Author: kdk ★2017
Date: 2019-09-08 02:44
In any case, I think the recent discussions about barrels and compatibility have tended to mystify the issues too much. There are a number of design features that barrel designers have added to the basic clarinet barrel over the past few decades - some are now ringless, some have non-standard outer shapes (like Backun's "fatboy") that are intended to influence the resonance and, therefore, the sound. Barrels are now made of different materials from the old blackwood barrels that matched what the instruments were made of. But these changes have little to do, it seems to me, with what barrel will go with what instrument, or compatibility.

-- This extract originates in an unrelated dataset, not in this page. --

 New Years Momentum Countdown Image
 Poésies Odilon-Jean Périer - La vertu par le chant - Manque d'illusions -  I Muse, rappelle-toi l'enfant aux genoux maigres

Going back to the main issue of "compatibility," you're really talking about the entry and exit bore sizes and the transition from one to the other inside the barrel. The two dimensions, to the extent that it actually matters, were designed by the OEM to complement (not match) the entry bore of the clarinet's upper joint and the exit bore of a "typical" mouthpiece. The inside shape (hourglass or a straight taper, which depends on how it is machined), and what the end dimensions are really define the extent to which a barrel is compatible with the instrument it was designed for.
But if the barrel is made of a material that can be tooled, any barrel that is smaller-bored than the original design can be hand reamed by a good technician to match the original spec. So, if you have an OEM barrel, go to a local repair shop and ask the repair person to pick a barrel out of his collection that's narrower-bored than the one you have. Then have him ream it to match your barrel's bore and cut it shorter by a millimeter.
Or, if there isn't a good shop near you, get in touch with one of the people who advertise barrels here (Segal, Grabner, Fobes, etc.). If you still have your old clarinet, temporarily use the barrel from that (if it fits the 10's tenon). Send the barrel maker your 66.5mm as a model and ask him to make a 65mm or 65.5mm barrel with the same entry and exit bore specs.
For my money, I'd ask to have a hard rubber lining inserted to ensure stability.
The alternative, I think, is to just start ordering barrels from all the manufacturers you can think of until you run into one that works. Sooner or later you'll score. With any luck it will be one of the first ones you try.